As shown in Figure 6: be 1.5mL at alizarin red S solution addition, when sodium hydrogen phosphate-citric acid addition is 0.15mL, aluminium ion concentration gradient is within the scope of 0.0-0.7mL, and linear relationship is good, and linear dependence equation is Y=1.49305x+0.01071, R
2=0.99937, wherein x represents aluminum ions concentration (mg/mL), and y represents light absorption value.(linearly dependent coefficient is r, mainly uses R
2value represents)
Embodiment 5: methodological investigation
On the basis of embodiment 4 from replica test, precision test, recovery of standard addition test and external source ion pair reaction system affect four aspect detection method is verified.Repeatability result shows, pipette at random 6 parts of the aluminium ion standard solution (1.0mg/mL) of same volume, according to the method described above 6 parts of solution are measured, the aluminium composition recording in this 6 duplicate samples is respectively 0.52mg/mL, 0.53mg/mL, 0.49mg/mL, 0.48mg/mL, 0.51mg/mL and 0.50mg/mL, repeatability estimate with its RSD value, RSD is 1.87%.Illustrate that the aluminium composition results change in the method mensuration sample is little, reappearance is better.Precision test result shows, pipetting 0.6mL aluminium ion standard solution (1.0mg/mL) measures 6 times continuously to this sample according to the method described above, record aluminium composition and be respectively 0.58mg/mL, 0.56mg/mL, 0.62mg/mL, 0.61mg/mL, 0.64mg/mL and 0.62mg/mL, accuracy estimates with its RSD value, and RSD is 2.94%.Illustrate that the aluminium composition results change in the method mensuration same sample is little, stability is better.Recovery of standard addition test findings shows, adds respectively 0.1 μ g, 0.2 μ g, 0.3 μ g, 0.4 μ g, 0.5 μ g standard aluminum ion containing in the aluminum ions background solution of 0.15 μ g, and measurement result is as table 1.
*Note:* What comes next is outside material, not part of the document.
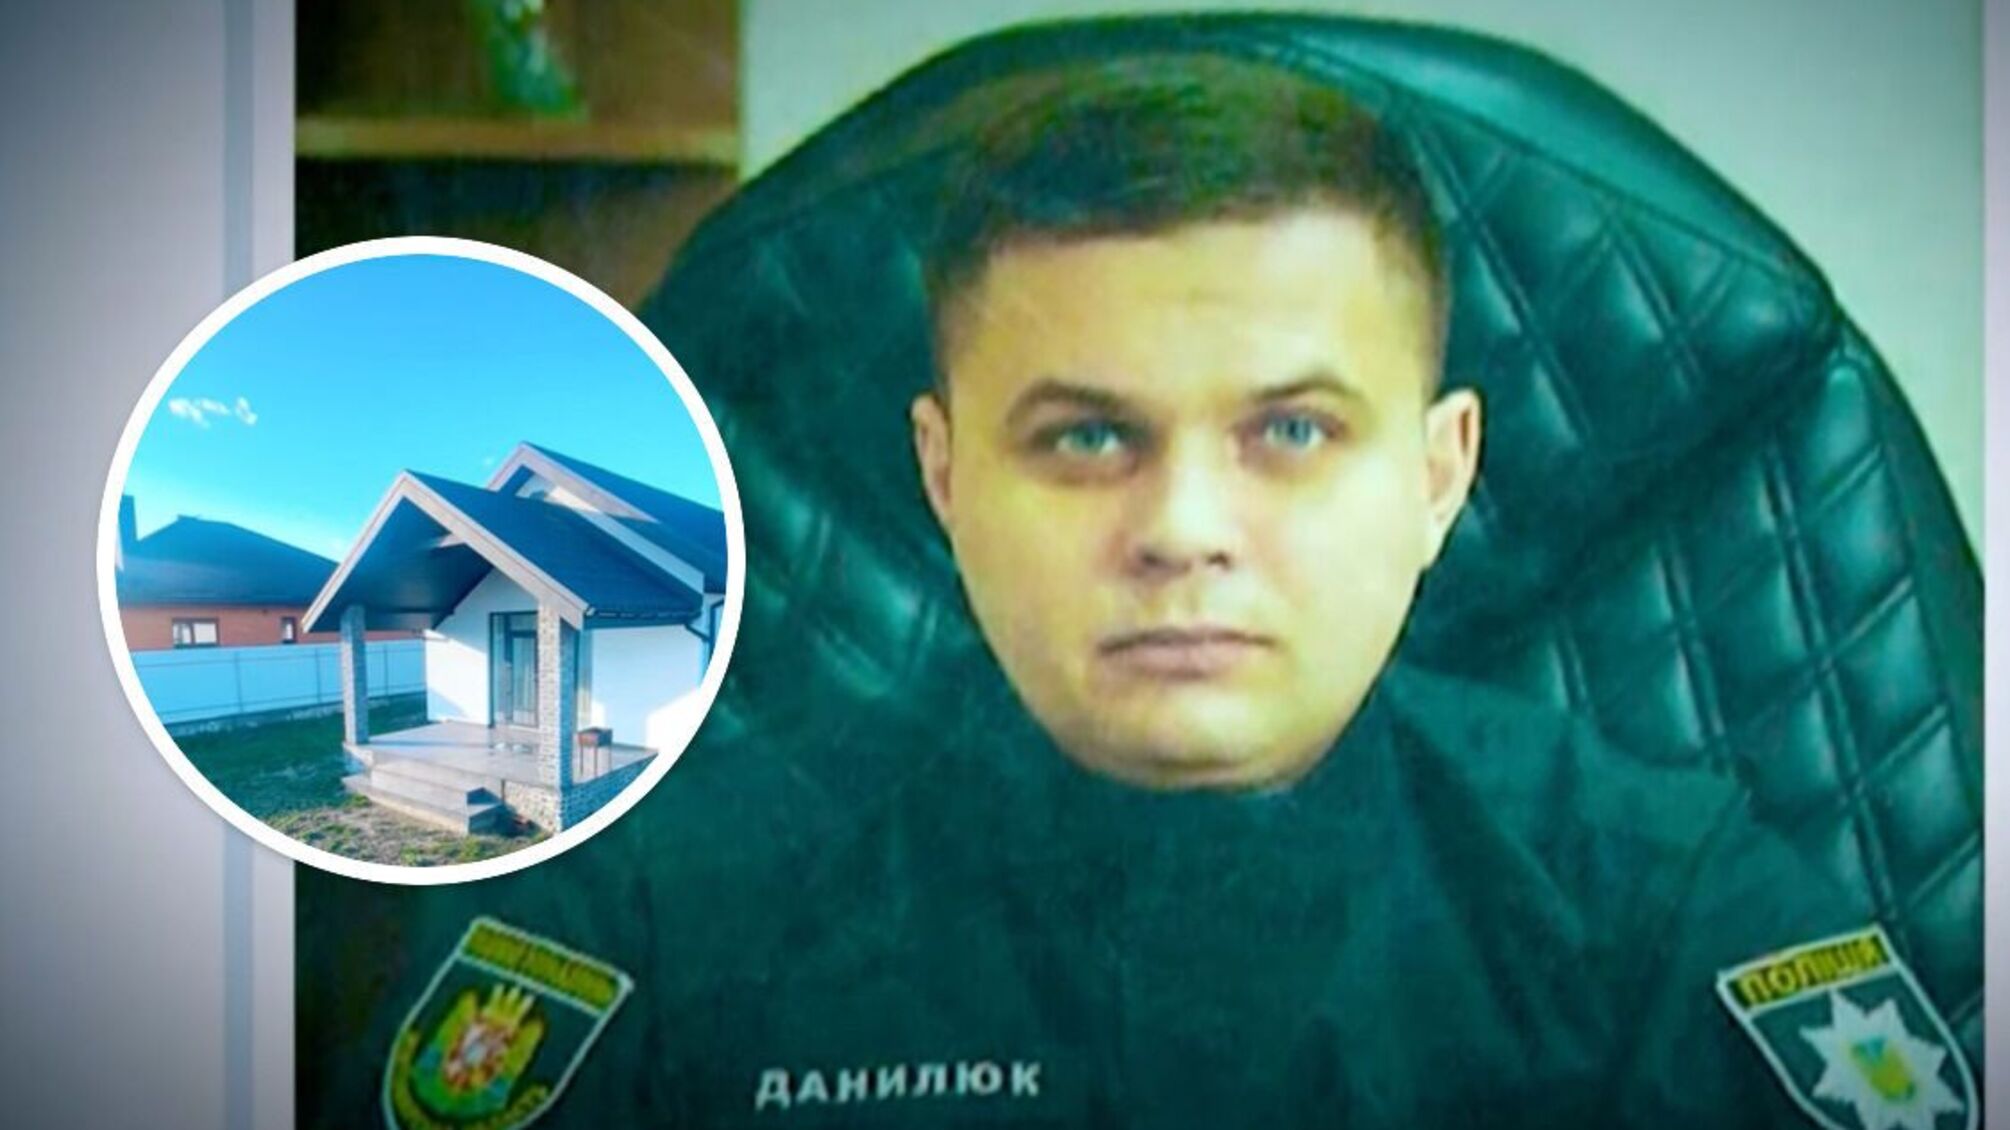 Родственницы начальника малинской полиции Данилюка стали владелицами элитной недвижимости

Table 1: recovery of standard addition test findings
Table 1 result shows: recovery of standard addition is respectively 89.37%, 98.97%, 96.99%, 92.57% and 98.57%.Further illustrate thus the method favorable reproducibility, have higher accuracy and reliability, can be used for laboratory Fast Measurement aluminium composition; In addition the present invention has also studied outer source ion K
+, Na
+, Zn
2+, Fe
3+and Cu
2+the method is measured to the impact of accuracy.
Result shows, except Cu
2+have outside faint impact, other ions do not affect substantially.
Although, above use general explanation, embodiment and test, the present invention is described in detail, on basis of the present invention, can make some modifications or improvements it, and this will be apparent to those skilled in the art.Therefore, these modifications or improvements without departing from theon the basis of the spirit of the present invention, all belong to the scope of protection of present invention.